Summer Roll Noodle Salad

peanut ricenoodles salad summer tropical Jun 26, 2026

Summer Roll Noodle Salad with Crispy Kecap Tempeh & Peanut Lime Dressing

This is basically a summer roll, but turned into a big fresh noodle salad. Rice noodles, crunchy vegetables, lots of herbs, crispy tempeh, and a peanut lime dressing that brings everything together.

It is flexible, fresh, filling, and perfect for hot days when you want something substantial but still light.

Ingredients

For the salad

  • Rice noodles

  • Cucumber, julienned

  • Purple cabbage, finely sliced or julienned

  • Tomatoes, sliced or chopped

  • Lettuce or leafy greens, sliced

  • Fresh cilantro, roughly chopped

  • Fresh mint, roughly chopped

  • Toasted sesame seeds or crushed roasted peanuts, to serve

  • Optional: a few tablespoons homemade coconut yogurt, to serve

You can also add other vegetables, such as carrot, bell pepper, radish, spring onion, bean sprouts, or anything fresh and crunchy you have around.

For the crispy kecap tempeh

  • Tempeh, sliced into strips or small pieces

  • Kecap manis

  • Garlic, finely grated or minced

  • A tiny pinch of ground cumin

  • A tiny pinch of ground coriander

If you do not have kecap manis, use soy sauce with a little sugar instead.

For the peanut lime dressing

  • Peanut butter, 3 tbsp

  • Lime juice, 2-3

  • Garlic, finely grated, 1 clove

  • Fresh ginger, finely grated, 1cm

  • Coconut sugar, 1 tbsp

  • Soy sauce, to taste, 4 tbsp

  • Cold water, a few tablespoons as needed

Method

Cook the rice noodles according to the packet instructions, then rinse under cold water and drain well. Set aside.

Prepare all the vegetables. Cut the cucumber, cabbage, lettuce, and any other vegetables into fine strips so they eat easily with the noodles. Roughly chop the cilantro and mint.

For the tempeh, heat a dry pan over medium heat. Add the tempeh and pan-fry until golden and slightly crispy on the outside. Once the tempeh has some colour, add the garlic, kecap manis, cumin, and coriander. Toss everything together for a minute or two until the tempeh is coated and sticky.
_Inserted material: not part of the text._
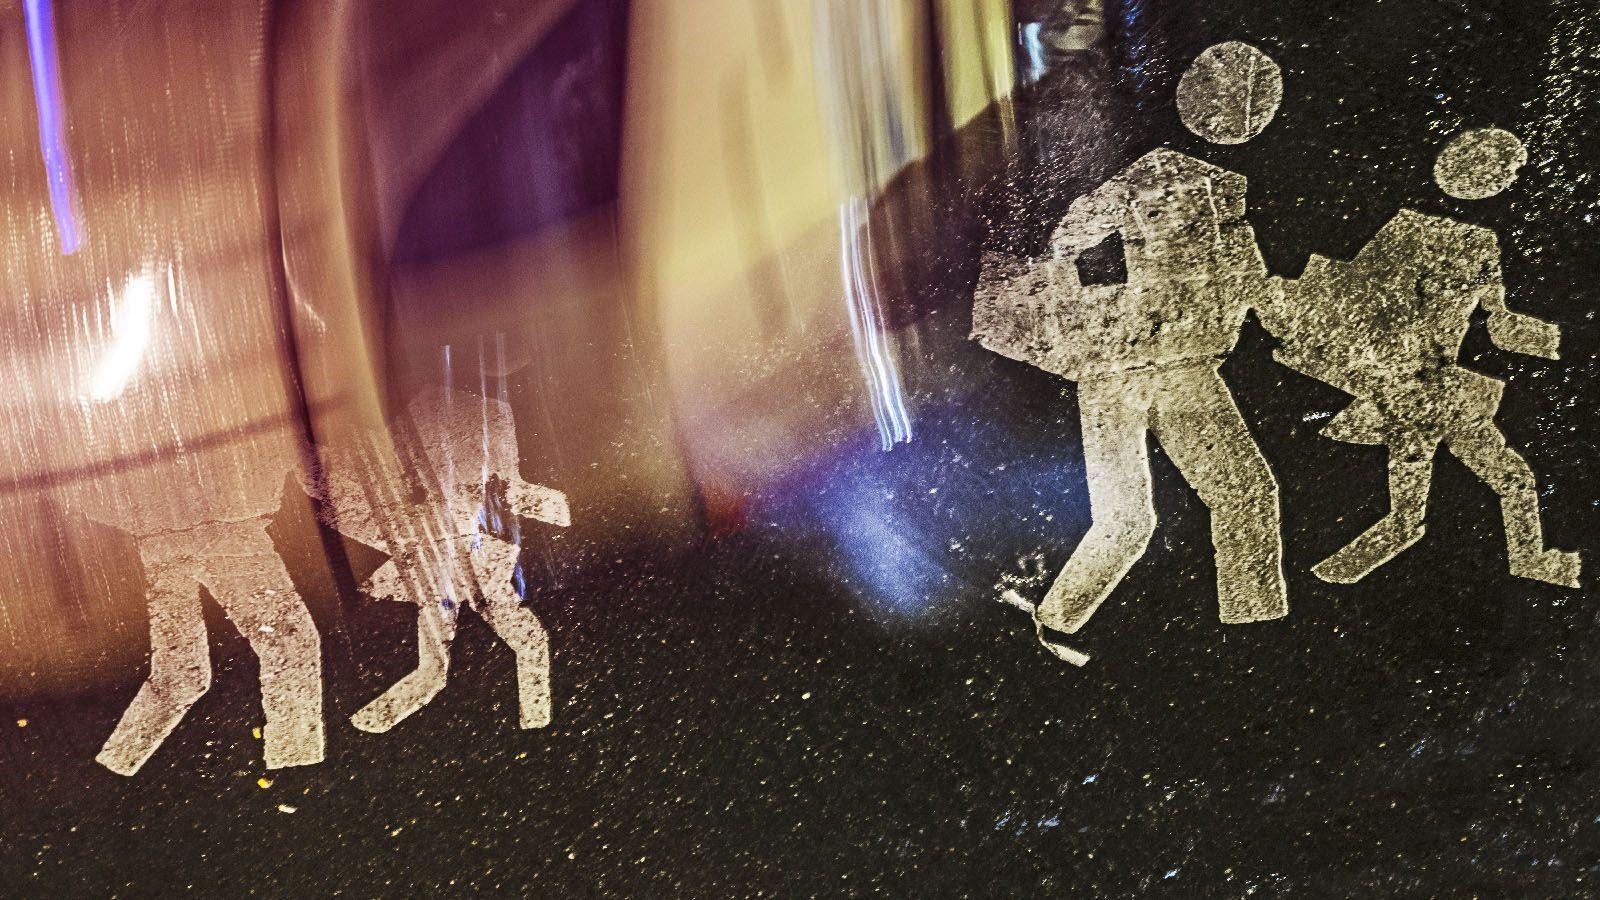 street photography xisco fuster 2 peatones

If using soy sauce and sugar instead of kecap manis, add them at this stage and let them reduce slightly.

To make the dressing, mix the peanut butter with lime juice, grated garlic, grated ginger, coconut sugar, soy sauce, and a few tablespoons of cold water. Stir until smooth and creamy. Add more water as needed until it becomes pourable but still rich.
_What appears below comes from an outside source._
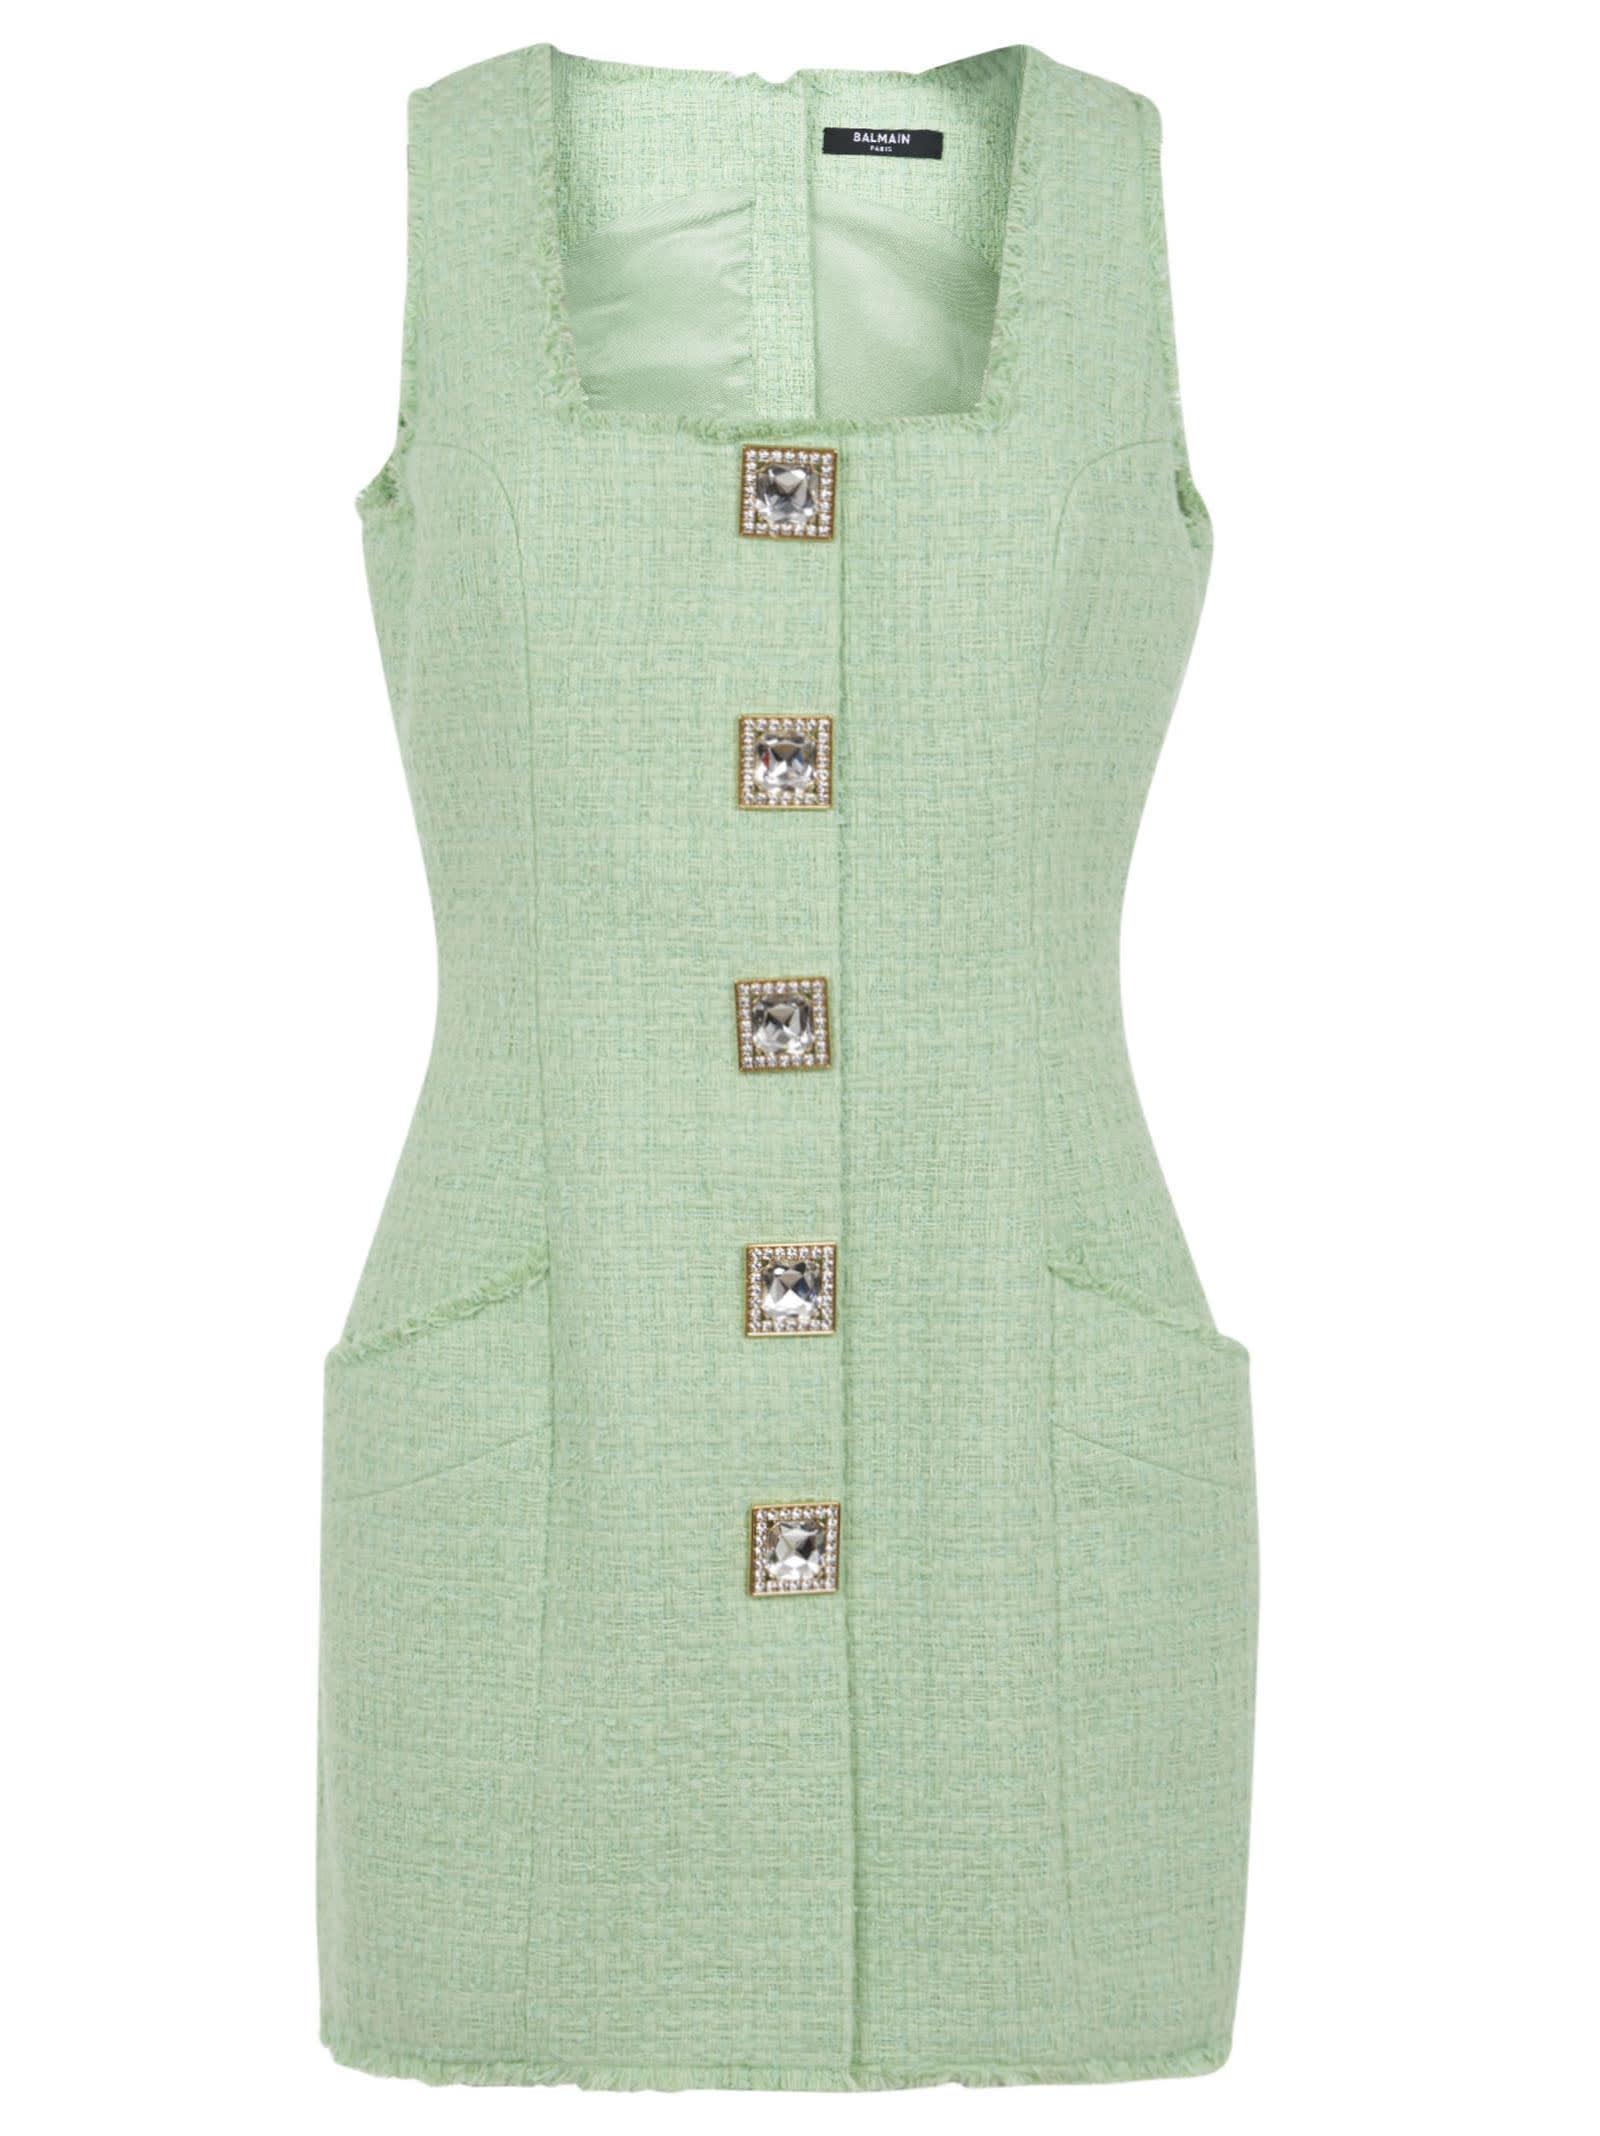 Balmain SQUARE BUTTON DETAIL SLEEVELESS DRESS

Combine the noodles, vegetables, herbs, and peanut dressing in a large bowl. Toss well until everything is coated. Taste and adjust with more lime juice, soy sauce, or sweetness if needed.

Serve topped with crispy tempeh, toasted sesame seeds or crushed peanuts, and a few spoonfuls of coconut yogurt if using.

Notes

The key to this salad is cutting the vegetables finely enough so everything mixes well with the noodles. Think summer roll filling rather than chunky salad.

The tempeh is best when it is dry pan-fried first. If you add the sauce too early, it can steam instead of crisping.

The peanut dressing should taste bright, salty, slightly sweet, and creamy. Adjust it to your taste rather than following exact measurements too rigidly.